The parties ultimately settled the action.

But wait! There’s more!

The litigation wasn’t over. Webcor and AGA filed an insurance coverage action in federal district court in California against National Union Fire Insurance of Pittsburgh, Pa., Old Republic General Insurance Corporation, Liberty Insurance Underwriters Inc., and Zurich American Insurance Company. Webcor and AGA alleged that Old Republic was AGA’s insurer, and that Webcor was an additional insured on the policies.

Old Republic then filed a third-party complaint against Acuity Mutual Insurance Company and Motorists Mutual Insurance Company. Old Republic claimed that it had paid defense costs for AGA and Webcor in the SF Action and incurred other costs of defense. Old Republic also alleged that the policy issued to Midwest, the material supplier, by Acuity required that Acuity defend Webcor and AGA as well. Old Republic asked for contribution from Acuity for the defense costs it had paid.

Acuity moved to dismiss Old Republic’s third-party complaint for lack of personal jurisdiction under the Federal Rules of Civil Procedure.

The district court’s decision

The district court granted Acuity’s motion, finding that Old Republic had not established a basis for personal jurisdiction over Acuity in the district court.

In its decision, the district court first ruled that general jurisdiction had not been established over Acuity. The district court reasoned that Acuity:

  • Was a Wisconsin insurance company with its principal place of business in Sheboygan, Wisconsin;
  • Conducted no business in California, was not licensed to do business in California, did not sell insurance in California and had no brokers or agents based in California; and
  • Did not accept insurance applications, collect premiums, or maintain any offices, bank accounts or employees in California.

The district court rejected Old Republic’s contention that Acuity’s filing of two prior, unrelated claims in litigation in California courts established general jurisdiction over it. The district court pointed out that the two other actions were (1) when Acuity filed a complaint-in-intervention on behalf of an involuntarily dissolved insured and (2) a small claims action. The “unrelated litigation,” the district court said, did “nothing to establish continuous and systematic activity in California by Acuity.”

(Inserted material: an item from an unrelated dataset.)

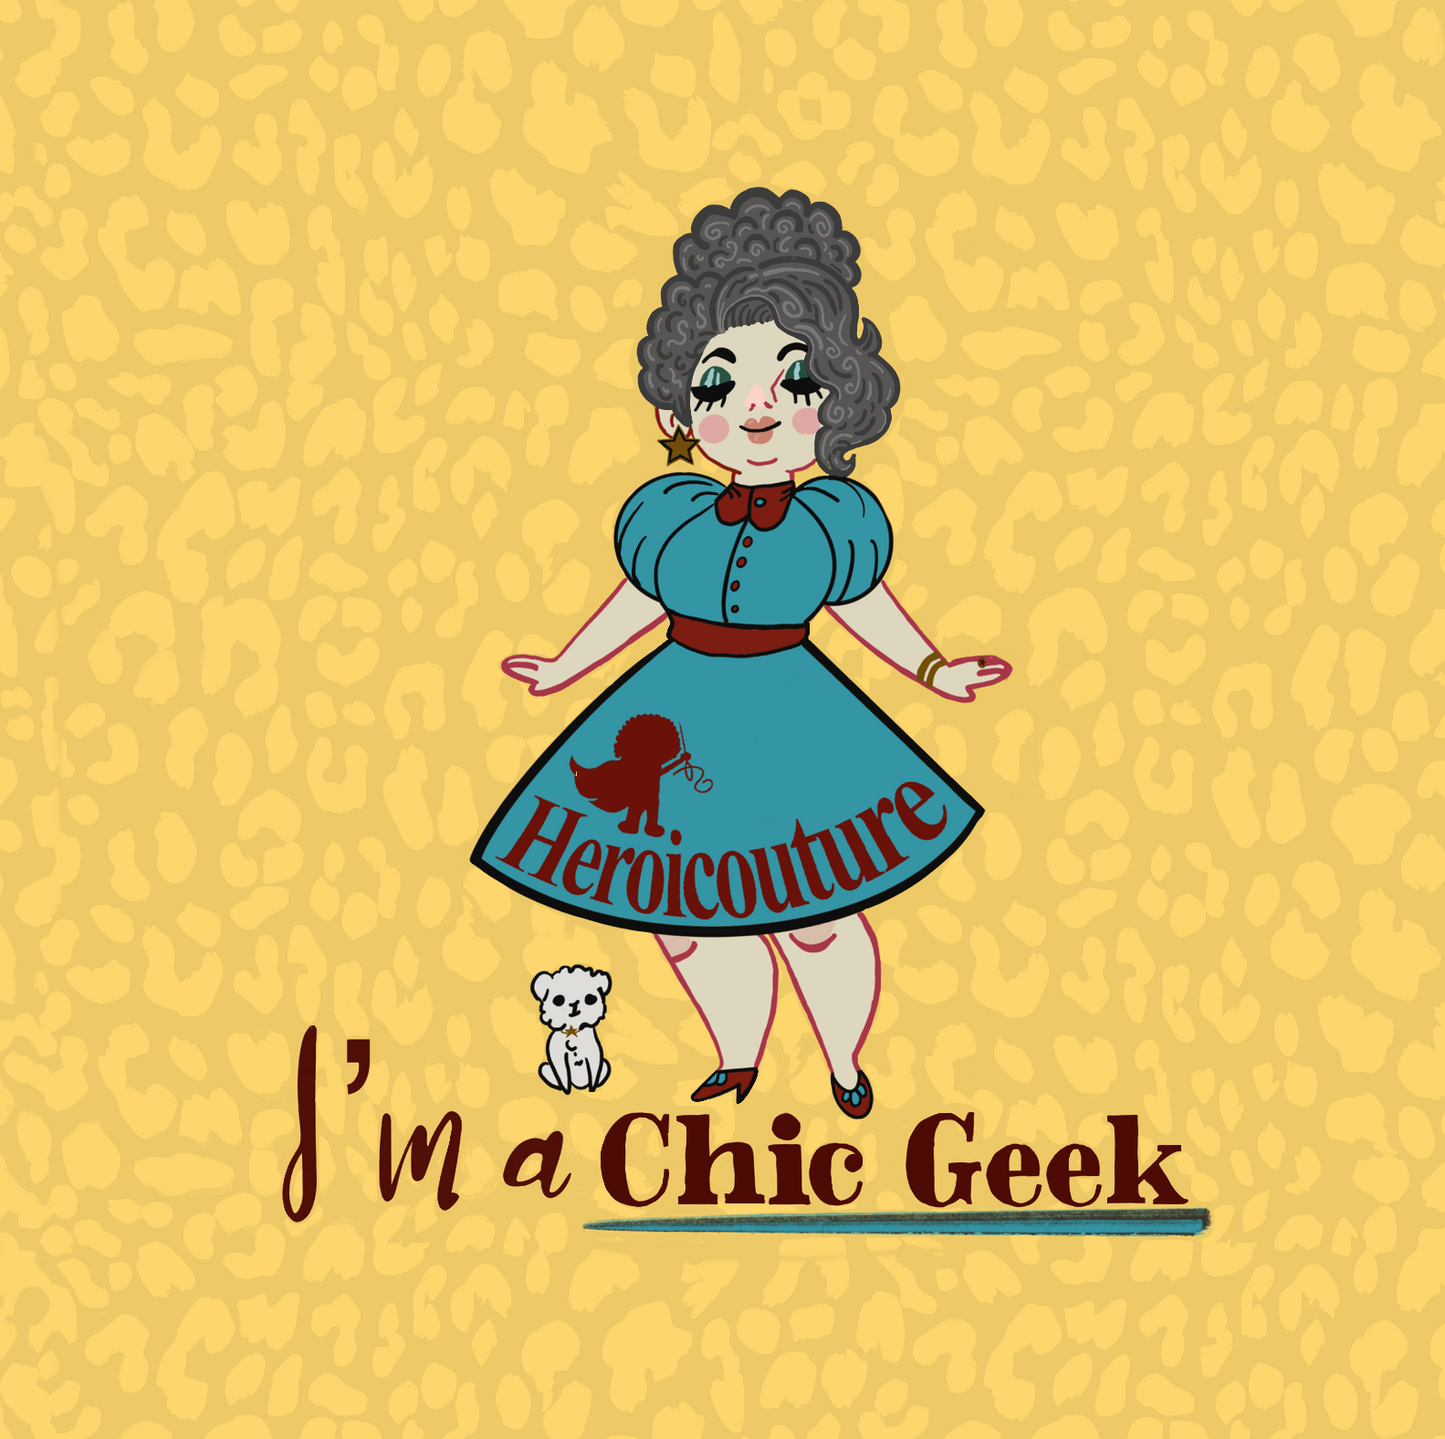 Heroicouture Chic Geek Gift Card

The district court also ruled that Acuity’s online workers’ compensation claim form, which included language specific to claims in California, did not support general jurisdiction in California, given that the form was a standardized form produced by the Association for Cooperative Operations Research and Development (ACORD), was meant to be used by any insurance company, agent, or broker throughout the country, and included language specific to many states in addition to California.

Not enough contact

The district court then rejected the Old Republic argument that the district court had “specific jurisdiction” over Acuity based on a provision in Acuity’s policy stating that the policy applied to claims in the “coverage territory,” which included the entire United States and which, therefore, contractually bound Acuity to defend Midwest in California.

The district court ruled that the existence of a nationwide coverage provision in the Acuity policy, and an underlying lawsuit brought in California, did not constitute sufficient contact with California to support specific jurisdiction. The court pointed out that Acuity was an insurer licensed to do business in Ohio and had an Ohio agent who sold a policy to Midwest, an Ohio corporation with an Ohio principal place of business. “No part of Midwest’s application for insurance had any contact or involvement with California,” the district court said. The facts were insufficient to establish “purposeful availment” of a California forum by Acuity.

Given that the only contacts Acuity had with California appeared to be letters from Acuity’s counsel in Ohio sent to AGA’s counsel stating the reasons Acuity was declining tender under the policy, the district court also ruled that Acuity had no forum-related activities sufficient to support specific jurisdiction.

The case is Webcor Construction, LP v. Zurich American Ins. Co.